As a child, which Nigerian sprinter or sportsman inspired you, while growing up?
As a child, I didn’t really know much about Nigerian sprinters. But when I got admission into OAU, I heard of Seye Ogunlewe and Soji Fasuba. Ogunlewe was the reigning national champion then. Along the line too, I heard of Seun Ogunkoya and they all became part of my inspiration for everything they did then. At OAU, I won so many medals, from NUGA to WAUG, and other inter-collegiate games.
You themed your career ‘Running by Revelation. How did you come about this?
I am a believer; I’m a lover of God and I know there is nothing I can do without the help of God. So, ‘Running by Revelation’ basically translates to running by the help of the spirit. When I started running, I prayed for the help of God’s guidance, these were the words I got from the spirit and I held on to it.
From your social media posts, one will be curious to know if you are a church boy or a staunch believer in God…
(Cuts in) Even though I grew up in a typical pastors household, because my parents were pastors, I not just a church boy or pastor’s son, I’m a strong believer in God, not just because my parents brought me up that way, but because I have a personal relationship with God.
I’m always proud to say that when I got into OAU, when I started attending BSF (Baptist Studeynt Fellowship), and at the same time when I met my spiritual father, who doubles as my pastor, Pastor Adigun Oyewole, my spiritual life was serious. So, I’m not just a church boy, I believe in God.
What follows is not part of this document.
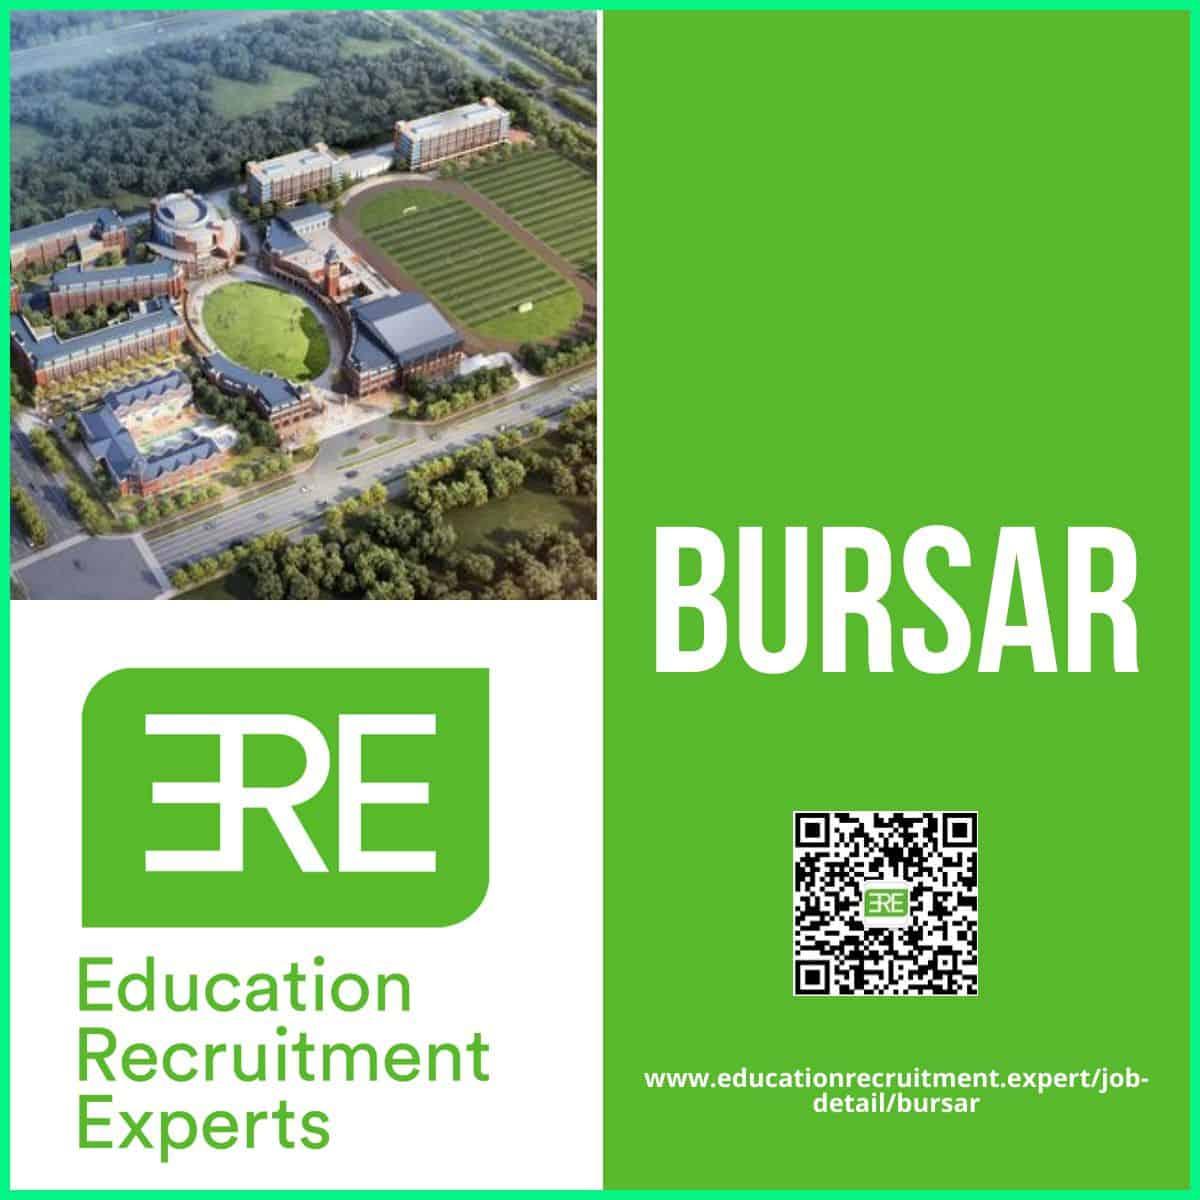 ERE Bursar with WeChat QR code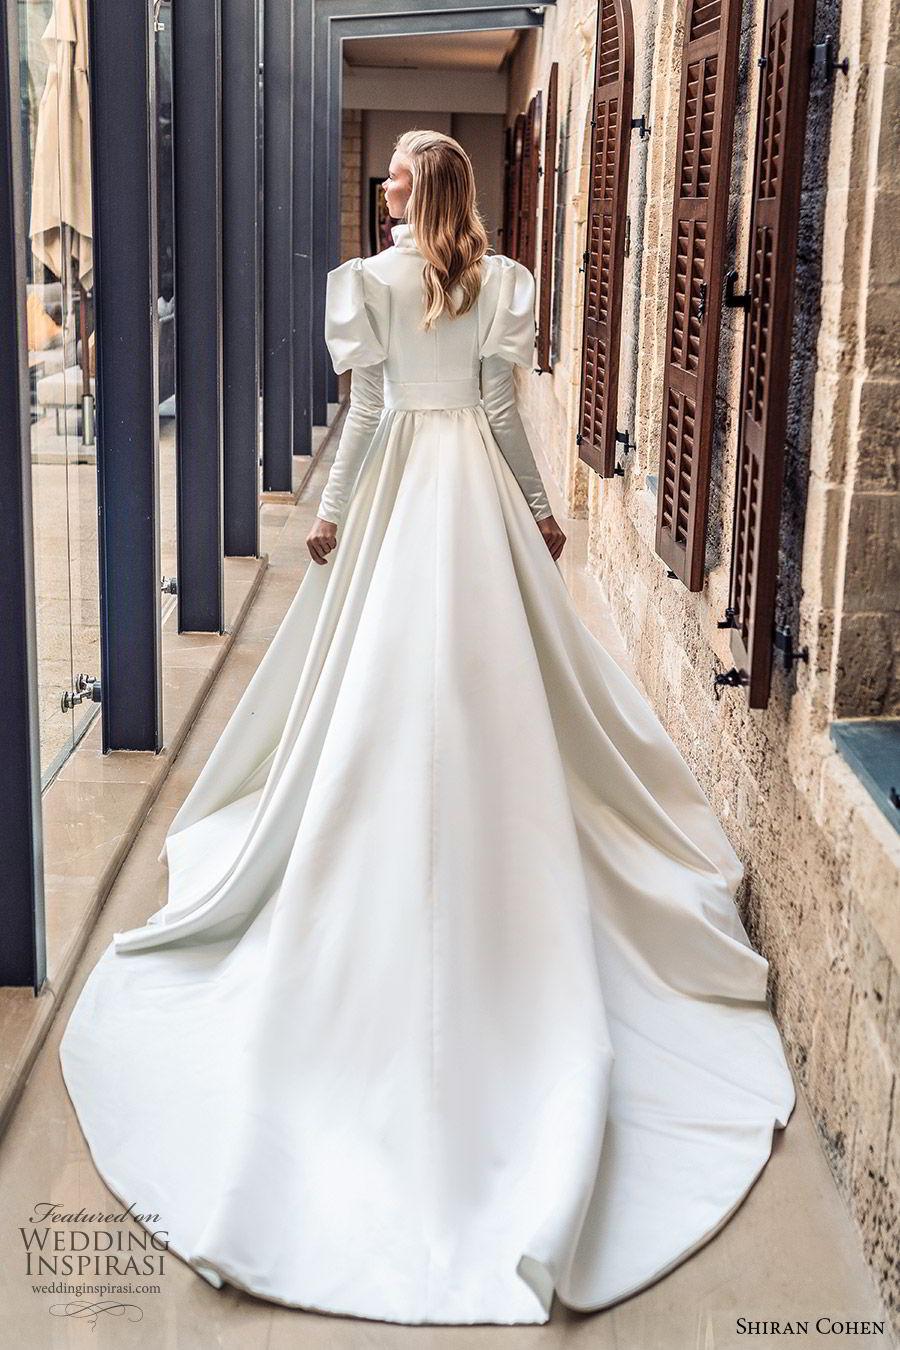 shiran cohen 2019 bridal mutton sleeves plunging v neckline collar belt a line ball gown wedding dress chapel train romantic princess clean modern (5) bv

You were on the biggest stage in the men’s 100m final at the 2020 Tokyo Olympics. What went through your mind as you lined up for sporting immortality?
After the semi-finals at the Tokyo Olympics, when I got back to the warm-up pitch, I didn’t even know how I could express myself. But I remember coach Kayode Yusuf (Ese Brume’s coach) was like, ‘Enoch it’s like you don’t really know what you have just achieved’ because I didn’t even know how to react but I knew I just broke a particular record or a jinx or something. Every sportsman’s dream is to be able to participate at the Olympics, which is the apex. SO, I felt great, I felt this could only be done by God. So, a lot of things were going through my mind but I was like let me do this, let me do that.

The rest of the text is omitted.